Little known 'fact' or perhaps fiction: Sancoba is a Japanese ophthalmic fomulation of Cyanocobalamin, Vit B12, that is used to help muscle function to prevent eyestrain. There is no such ocular formulation in North America and I would be interested in learning some science behind this use of Vitamin B12.
Case 5:robschertzer#Glaucoma #Consult 44 yo Asian M, father/brother COAG, IOP 18 OU, increased 'cupping' OU (OD>OS) but normal VF. Follow for now.
In addition to the family history of glaucoma, this patient was also noted by his referring Optometrist to have a disc haemmorhage in the right eye. In addition to those risk factors, this patient is also noted on examination to have pachymetry readings of 510ums OD and 511 OS. IOP readings were 18 OU at 1400hrs. Treat or not treat? What would you do with all these risk factors and normal Visual Fields?

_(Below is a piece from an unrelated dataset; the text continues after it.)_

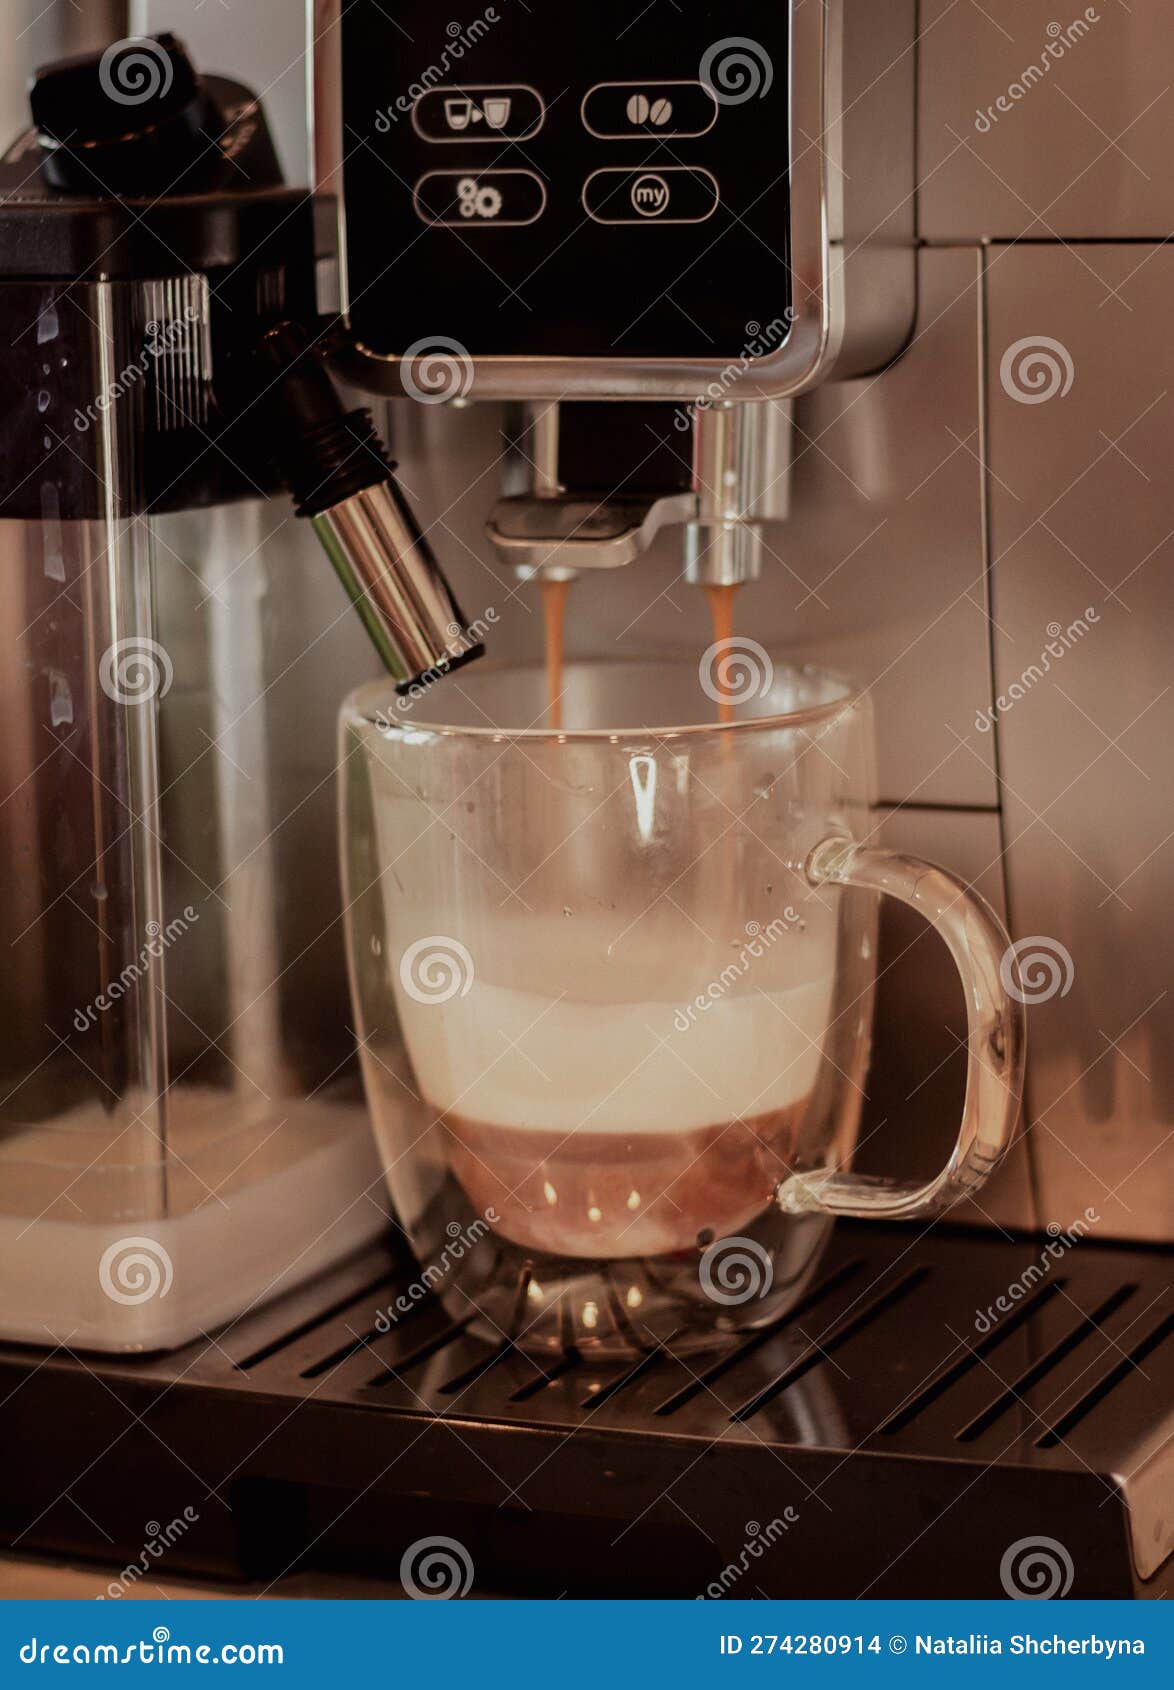 Macchina Da Caffè in Un Caffè. Bevanda Di Caffè. Cappuccino. Bevande Al  Mattino. Preparazione Di Latte. Fotografia Stock - Immagine di isolato,  creatore: 274280914

This patient has chronic uveitis and has been followed out-of-town by an Ophthalmologist who does perform glaucoma surgery. Someone else had performed the cataract surgery on this patient in 1995 and this patient has been on topical steroids, drops and ointments since then. He first presented to the referring ophthalmologist with an IOP of 45 and is currently taking Combigan and Azopt for pressure control and Maxidex, PredForte and Nevanac for inflammation. Stopping the steroids altogether did not result in a lowering of his eye presssure so we cannot blame the pressure on his use of steroids, or at least the effect is no longer reversible. Perhaps out of desperation, Selective Laser Trabeculoplasty was even tried which did temporarily drop the pressure to the low 20's. I say out of desperation as we usually avoid laser interventions to the angle such as this in patients with inflammatory glaucomas as they can just increase inflammation without providing any pressure lowering.
Finished off the day with a patient with normal Standard Automated Perimetry despite prior abnormal Frequency Doubling Technology visual field tests. Patient was having trouble with normal reading activities with their current best spectacle correction. This patient is being booked for cataract surgery.